Review For Honor: Di Persimpangan Jalan!

Acungan dua jempol memang pantas diarahkan pada Ubisoft, karena keberanian mereka untuk mengeksplorasi beragam genre dan gaya gameplay dengan sebuah produk baru. Padahal jika mereka ingin, mereka bisa saja menggunakan franchise populer mereka untuk terus mendulang uang, terlepas dari kritik gamer yang mengemuka. Lihat saja apa yang berhasil mereka lakukan dengan Rainbow Six: Siege yang kini punya basis fans cukup fanatik hingga Steep, sebuah game bergenre olahraga ekstrim yang bahkan tak pernah lagi dijamah oleh banyak publisher game saat ini. Tak semua konsep ini memang terhitung berhasil di pasaran, namun kebijakan kreatif untuk terus melahirkan sesuatu yang baru pantas mendapatkan pujian. Termasuk yang mereka lakukan dengan For Honor.
Anda yang sempat membaca preview kami sepertinya sudah mendapatkan sedikit gambaran apa yang sebenarnya ditawarkan oleh For Honor. Ia meramu sebuah pertempuran dengan konsep sejarah kental dengan mekanik pertarungan yang menitikberatkan diri pada serangan melee. Di atas permukaan, ia mungkin terlihat seperti pertarungan PvP untuk game-game seperti Dark Souls namun dengan atmosfer yang lebih chaos, namun jika Anda menyelaminya, ia berakhir jauh lebih taktis dan kompleks. Dengan nilai jual yang juga menitikberatkan pada mode multiplayer yang ada, tantangannya tentu saja lebih besar dibandingkan dengan yang kita bayangkan.
Lantas, apa yang sebenarnya ditawarkan oleh For Honor? Mengapa kami menyebutnya sebagai game yang saat ini bisa dibilang, berada di persimpangan jalan? Review ini akan membahasnya lebih dalam untuk Anda.
Plot

Menariknya, terlepas dari statusnya sebagai sebuah game always-online, For Honor masih menawarkan mode single-player campaign dengan garis cerita yang jelas. Anda akan memerankan tiga faksi besar yang diusung di game ini – Knight, Vikings, dan Samurai dalam satu sekuens yang sudah ditentukan sebelumnya, dengan tokoh utama yang berbeda-beda namun dengan satu benang merah yang sama.
Maka yang Anda temukan adalah sebuah mode campaign dengan pendekatan layaknya misi-misi skirmish di game-game strategy klasik. Bahwa Anda mendapatkan basis gameplay yang sama dengan mode multiplayer yang jadi kekuatannya utamanya. Ada cut-scene untuk menceritakan kisah yang hendak ditawarkan, pengenalan cukup banyak karakter dengan nama yang membingungkan, dan kemudian berakhir menjadi sesi gameplay yang melekat pada mode multiplayer-nya, namun kini dihiasi dengan AI.

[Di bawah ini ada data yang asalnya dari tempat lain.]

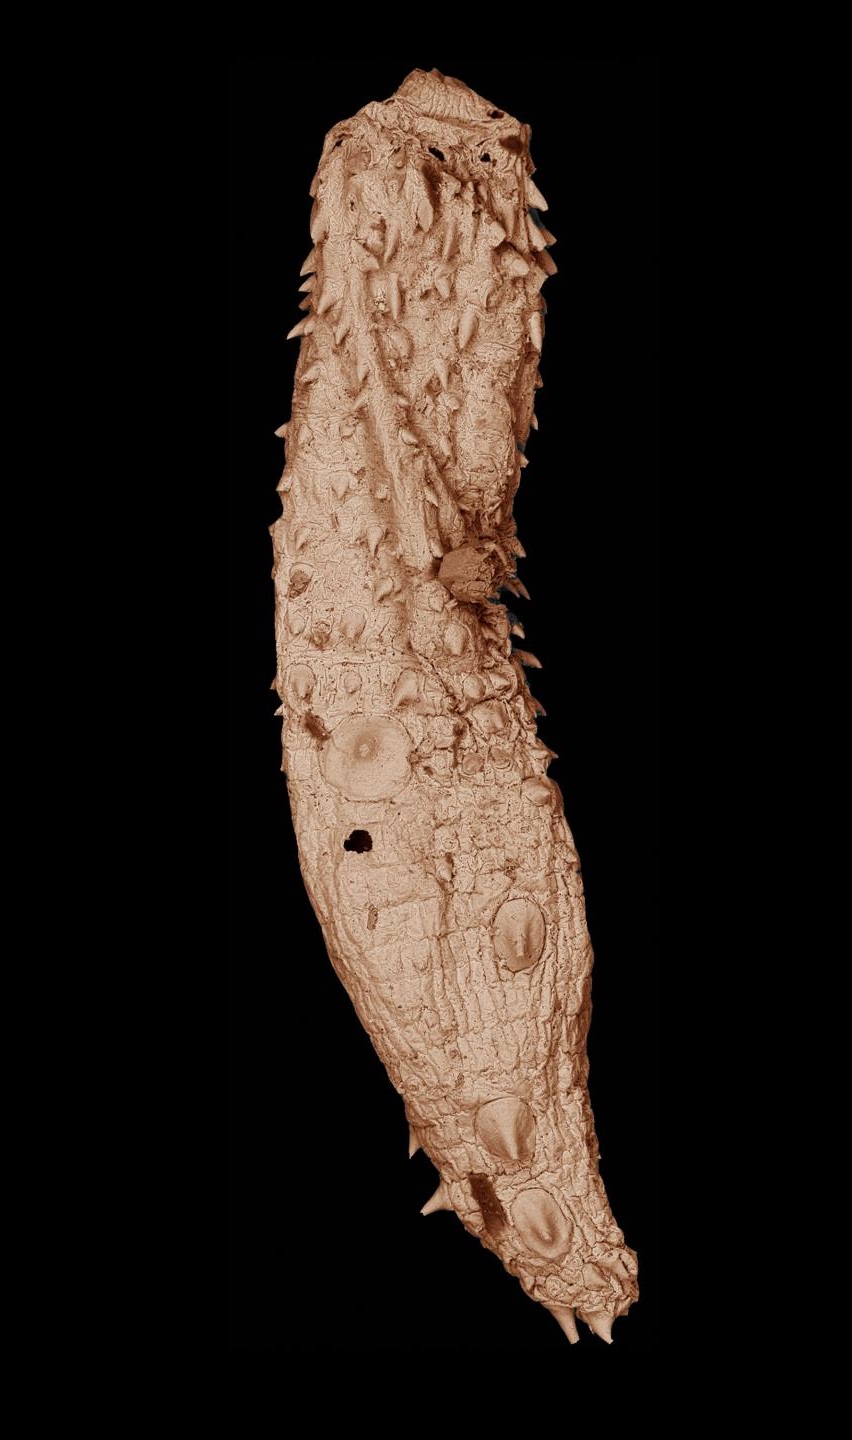 snímek fosilie Eokinorhynchus rarus pořízený elektronovým mikroskopem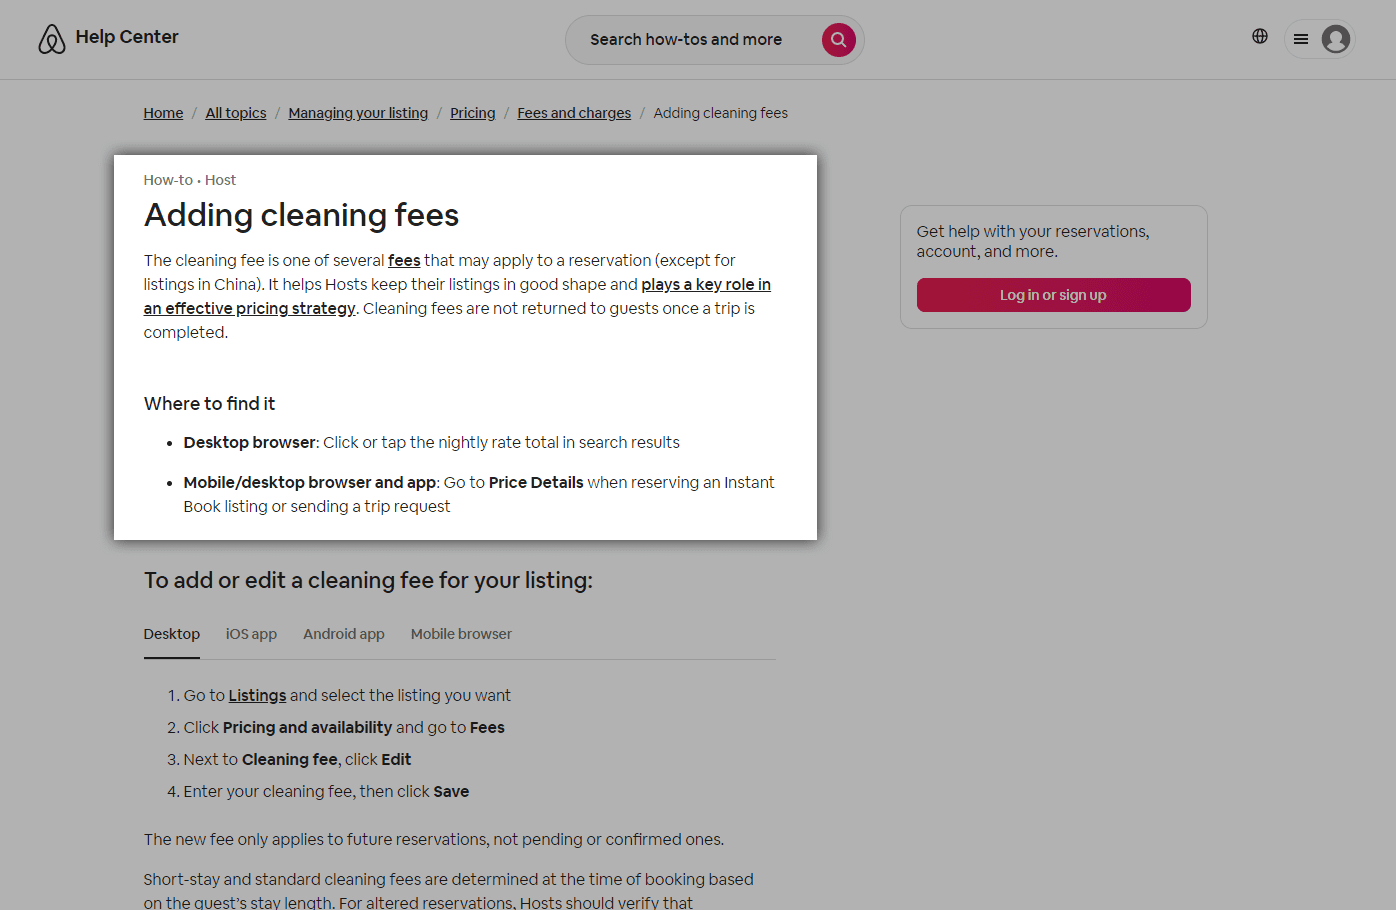 Screenshot of Airbnb help center website

Cerita akan berfokus pada sosok ksatria dengan jubah hitam bernama Apollyon yang akan mengikat nasib ketiga faksi ini ke dalam satu takdir yang hendak ia capai. Misi sebagian besar dihiasi dengan ragam objektif yang berbeda satu sama lain, tetapi seringkali berakhir repetitif, mengingat bahwa sekuens permainan Anda akan terus sama. Anda akan berhadapan dengan prajurit biasa, membunuh pahlawan dari faksi lain yang lebih sulit ditundukkan, bergerak ke objektif selanjutnya, dan demikian seterusnya. Tingkat kesulitan meninggi seiring dengan semakin kuat dan banyaknya pahlawan faksi lain yang haus Anda lawan sekaligus.
Sejujurnya, kami sendiri tak bisa dibilang menikmati mode campaign For Honor ini sendiri. Dengan beragam jenis pahlawan yang bisa Anda cicipi ketika menjalankan cerita faksi tertentu, ia justru terasa seperti sebuah mode tutorial spesifik untuk hero, namun kini dibumbuhi dengan elemen cerita di dalamnya. Memang ada rasa penasaran soal siapa sebenarnya sosok di balik topeng Apollyon yang dengan jelas, berbicara dengan suara wanita ini. Namun konten gameplay yang repetitif membuat kami angkat tangan dan berakhir tak menyelesaikannya.

Lantas, siapa sebenarnya Apollyon? Bagaimana cara mereka meracik cerita untuk tiga faksi dengan kebudayaan yang berbeda ini? Hero apa saja yang bisa Anda cicipi di sini? Semua jawaban tersebut bisa Anda dapatkan dengan memainkan For Honor ini.